Taipei, Nov. 3 (CNA) Vice President Annette Lu on Sunday called on mainland Chinese authorities to cut their missile development and deployment spending for the sake of pursuing peace across the Taiwan Strait.

 

Lu made the appeal while speaking at a prize-awarding ceremony for the 2002 Taipei International Cartoon Contest, which opened Saturday in Taipei with world-renowned caricaturists from 50-odd countries attending. "While mainland China is conducting its annual military maneuvers in Hainan, an island off South China, Taiwan is sponsoring the international cartoon contest with 'world peace' and 'counter-terrorism' as its themes, an event showing the island country's peace-loving nature," Lu said.

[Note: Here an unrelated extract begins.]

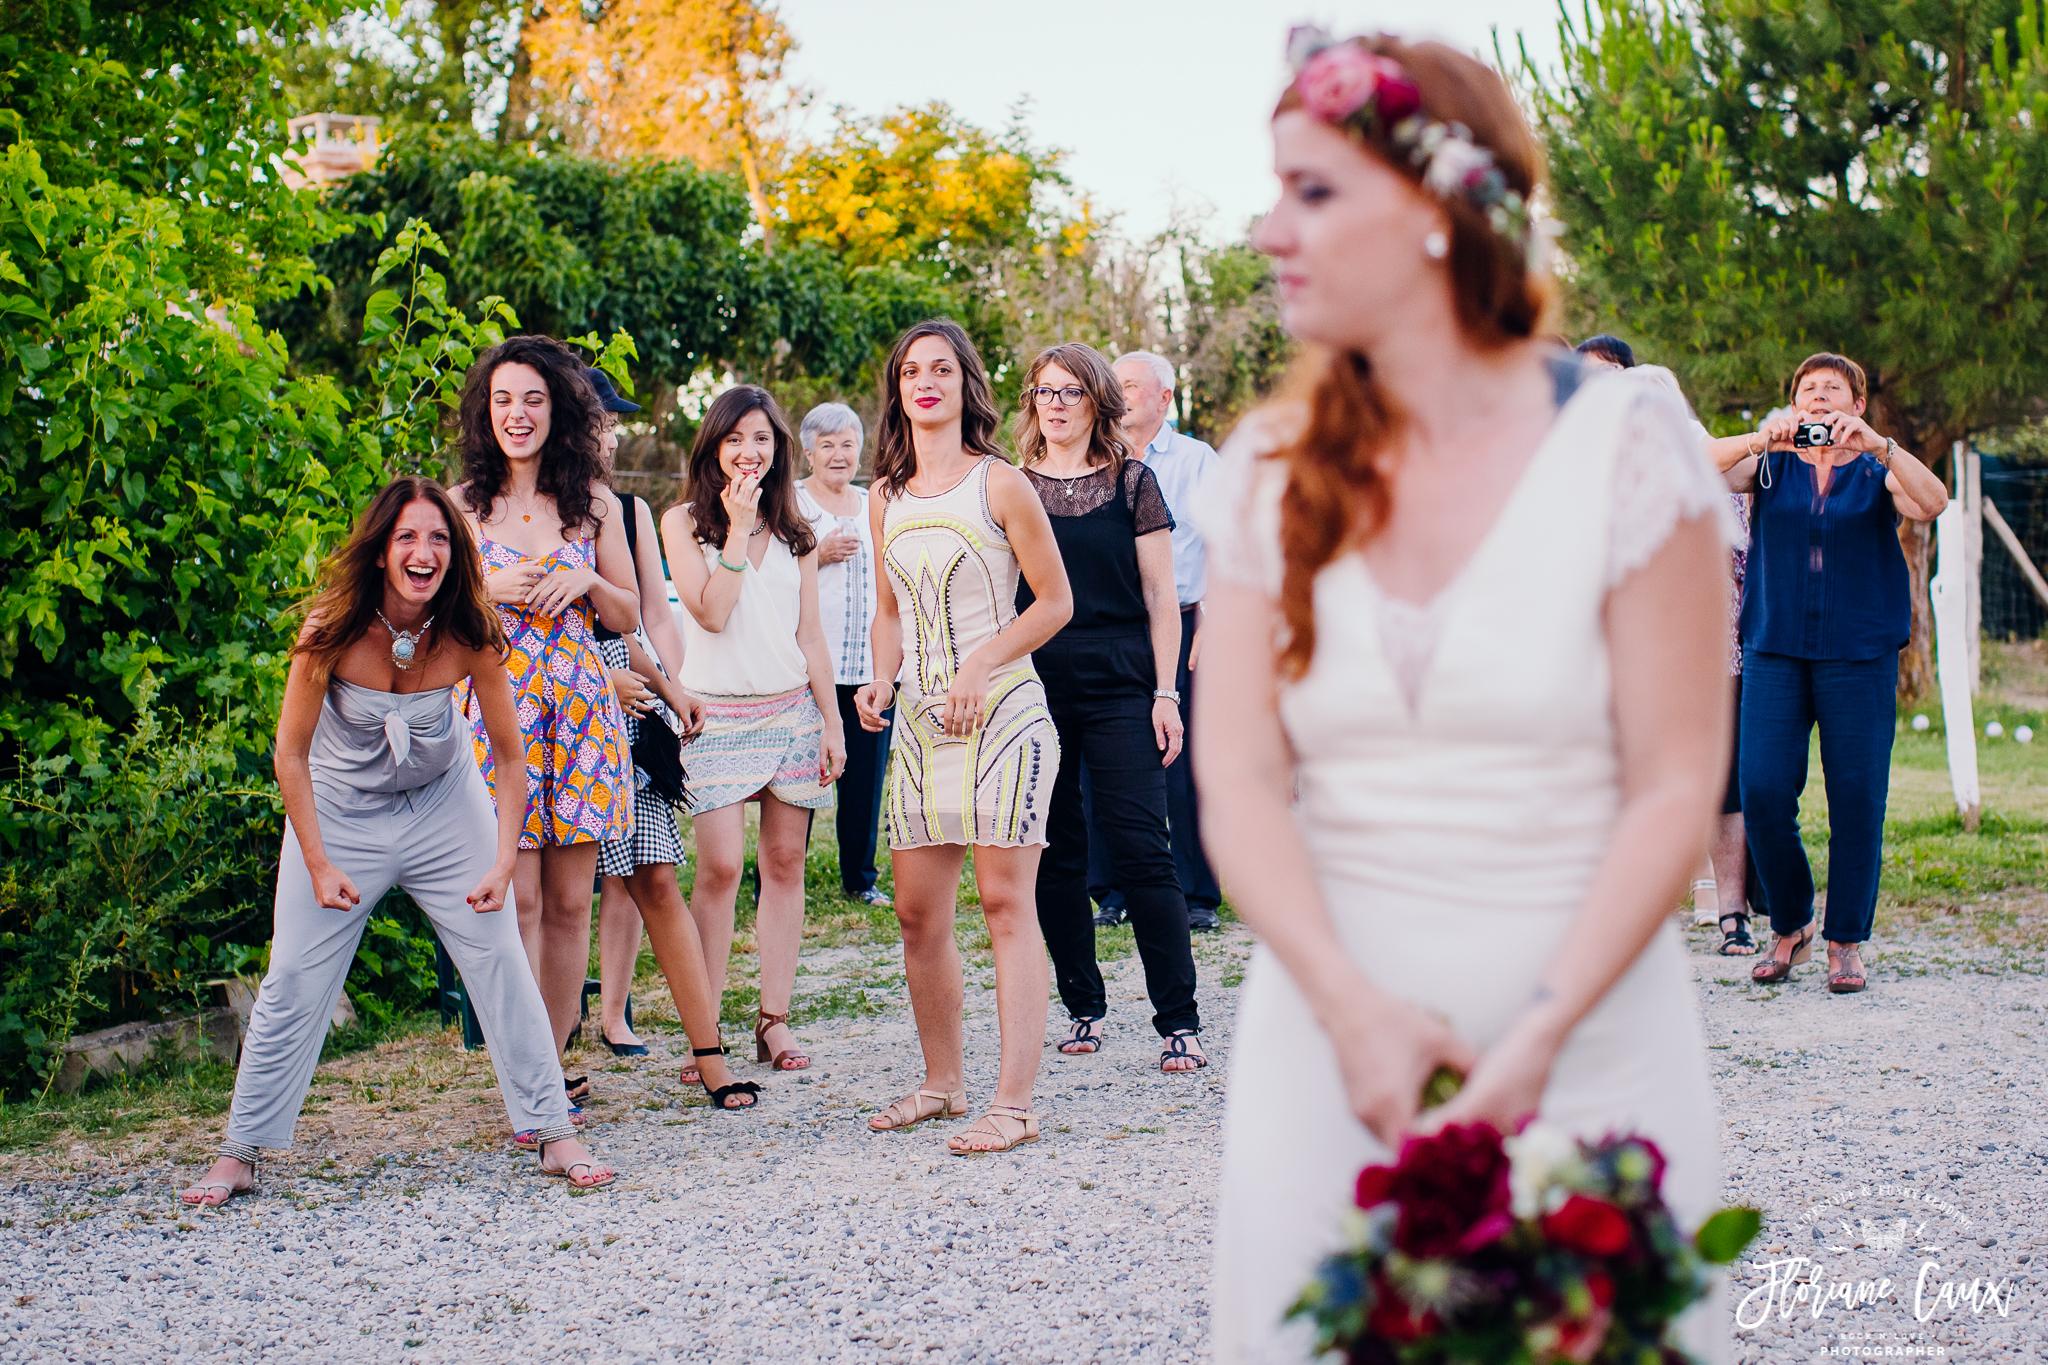 photographe-mariage-toulouse-rocknroll-maries-tatoues-floriane-caux-89

Beijing has mobilized a large number of warships and fighters to conduct its ongoing 2002 joint military exercises in Hainan with Taiwan as its hypothetical enemy, Lu explained. "The people of Taiwan love peace, so it is unnecessary for mainland China to deploy missiles along the southeastern coast opposite Taiwan," she went on.

Noting that war can only lead to casualties instead of solving problems, Lu voiced the hope that all participating cartoonists will join hands to promote world peace.

She also lauded domestic cartoonists for the key role they played in the process of Taiwan's democratization, saying that many of them used their satirical cartoons to help promote the democratic movement during the martial law period.

At that time, she said, some cartoonists were sent to prison only hours after their satirical caricatures were published, Lu noted. In contrast, nowadays local cartoonists can draw what they want to as Taiwan has become a democratic country, she added.

Following her speech, Lu was presented with a cartoon drawing of herself, after which she stuck a "heart" label symbolizing peace on a big signboard of cartoon drawings of U.S. President George W. Bush and Iraqi President Saddam Hussein, in the hope that Bush will make the right decision on the Iraqi issue.

Lu also directed the Government Information Office to study the feasibility of helping local caricaturists to organize a similar cartoon exhibition every year.

The 2002 international cartoon contest has brought together 938 works from domestic and foreign artists, but only 60 works were put on display, including 20 works judged to be "excellent" and five as the "best." Cartoon drawings from mainland China, Eastern Europe and South America accounted for 60 percent of the prize winners, with only two cartoonists from Taiwan winning prizes.

The display will run through Nov. 10 at Chiang Kai-shek Memorial Hall, with renowned cartoonists giving instructions on cartoon drawing during the exhibition.